Likely high demand for OLED iPad models is one factor in Samsung Display changing its development plans, according to a new supply-chain report.
Samsung had been working on an even more advanced form of OLED panel than the type it will be making for Apple, but it has now postponed that project …
Background: Apple’s display roadmap
We talked last year about Apple’s display roadmap. This began with IPS LCD with conventional backlighting, which is still used in older Macs and cheaper iPhones.
Next up was IPS LCD with miniLED backlighting. Apple switched to this for iPad Pro models, and is now using it in the new MacBook Pro. It allows for darker blacks and brighter whites, and makes a surprising difference.
OLED is gradually transitioning from smaller screens to larger ones. Apple first adopted OLED in the Apple Watch before bringing it to the iPhone, starting with the iPhone X. The company has not yet used this in either iPads or MacBooks, but is expected to do so sometime in the 2023-2026 timeframe.
MicroLED: Despite the similarity in name to miniLED, this is a completely different technology, and is still at a very early stage of development. As with OLED, it’s likely to come first to the Apple Watch, then iPhone, iPad, and Macs, in that order.
OLED iPads to use hybrid display tech
It was originally reported that Apple would launch the first OLED iPad models this year, but Apple had abandoned that plan by late 2021, according to Apple analyst Ming-Chi Kuo. Current expectations are that we’ll see the first OLED iPads in 2024.
For iPhones, Apple uses a type of OLED known as a flexible polyamide film. This allows the display to curve back into the casing at the edges, which is what allows for the very slim bezels (as the connectors are beneath the display, not inside the bezels).
However, scaling up flexible polyamide film to iPad and MacBook displays is tricky, as that flexibility can create warping, which might be visible in larger displays. For that reason, Apple is expected to instead use a hybrid glass-polyamide film display – which combines the flexibility needed for slim bezels with the rigidity required to avoid warping.
Samsung to focus work on Apple’s OLED panel tech
OLED tech continually advances, and Apple is reported to have asked Samsung to use a form known as “two stack tandem OLED,” which uses two layers of pixels instead of one. Doubling up the pixels in this way makes for brighter screens, while also extending their life.

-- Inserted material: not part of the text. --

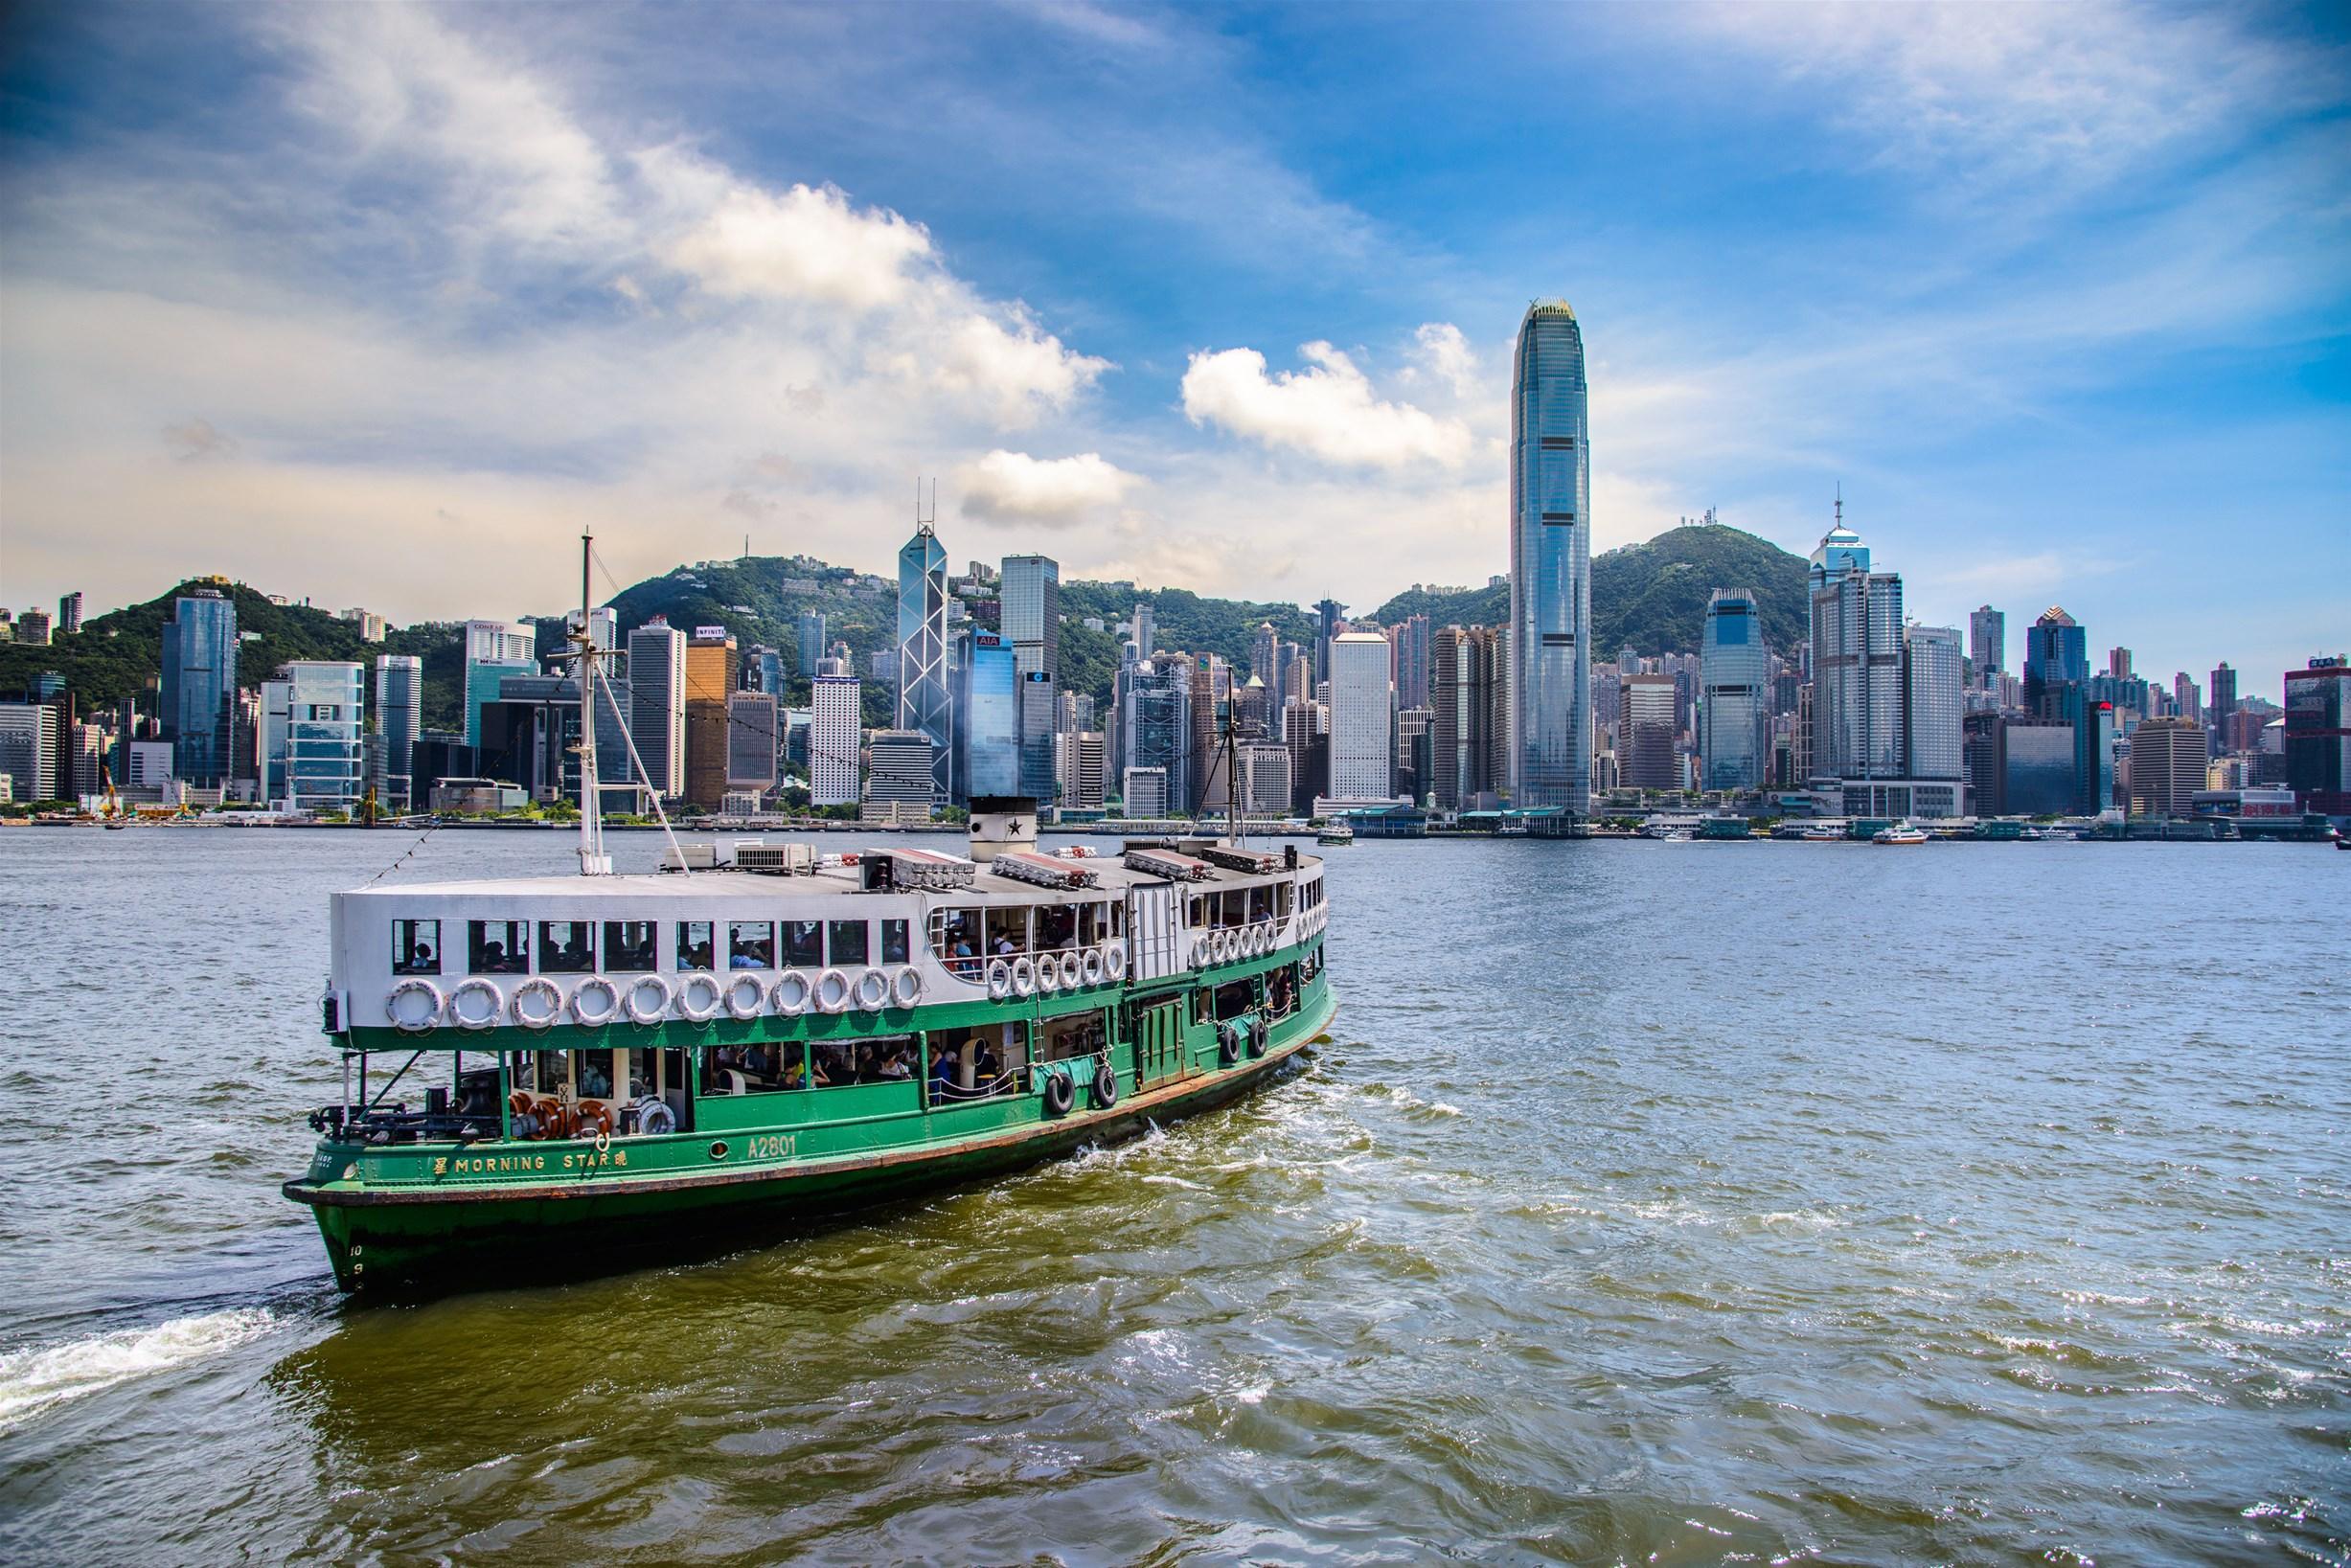 The Star Ferry crossed Hong Kong harbour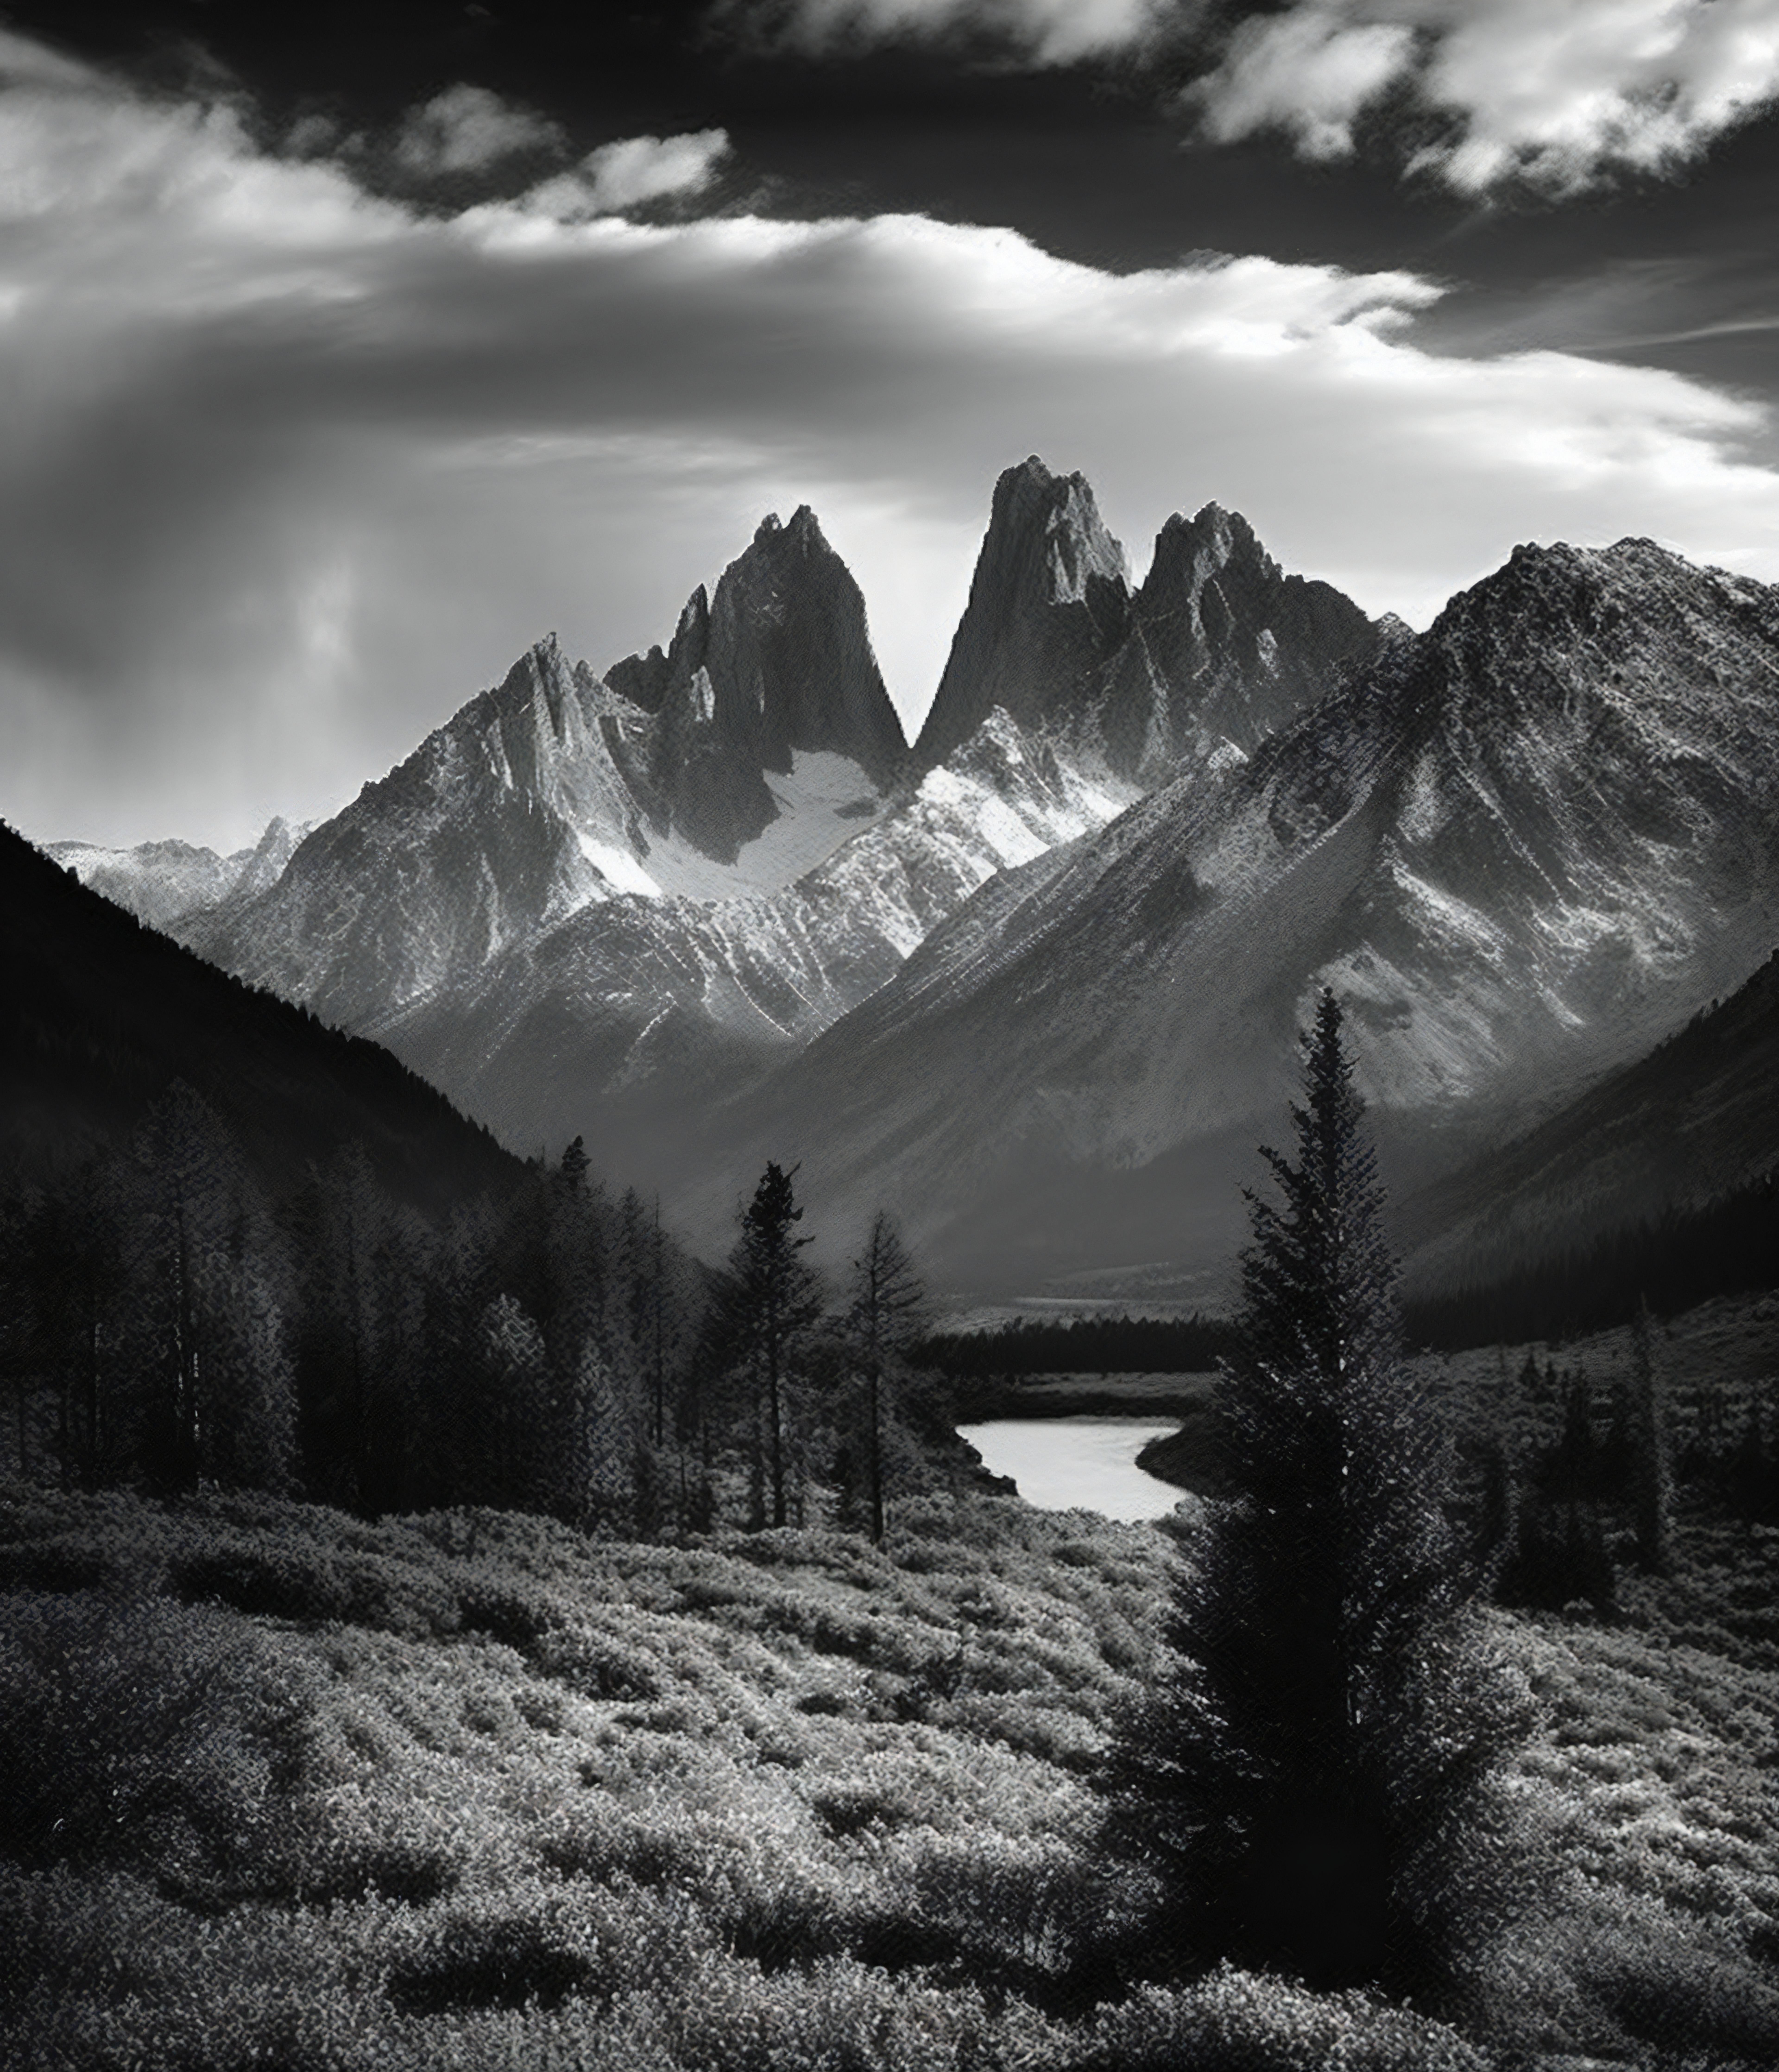 The photograph features a panoramic view of a mountain range, emphasizing the majesty and grandeur of the natural landscape. The composition is dominated by the soaring peaks and rugged terrain, with smaller details such as trees and streams serving to provide a sense of scale and perspective, The photograph is in black and white, emphasizing the stark contrast between light and dark and capturing the raw, elemental quality of the landscape.

The latter is an important factor for iPads and MacBooks, which people typically keep for longer than iPhones.
Samsung has also been working on the next generation of OLED, beyond tandem panels, and has been partnering with Japanese company Ulvac for the development work on this. However, The Elec reports that Samsung has now postponed this project in order to focus on the tandem OLED iPad panels it will be making for Apple.
The South Korean company is planning to postpone investments into full-cut, vertical deposition method it had been co-developing for over a year with Japan’s Ulvac.
Samsung Display will instead start investments into half-cut, horizontal deposition method it has been developing Canon Tokki, sources said.
This is because the latter method has already been commercialized and is being developed with the aim to supply OLED panels for tablets to Apple. Cupertino is planning to launch iPads with OLED panels.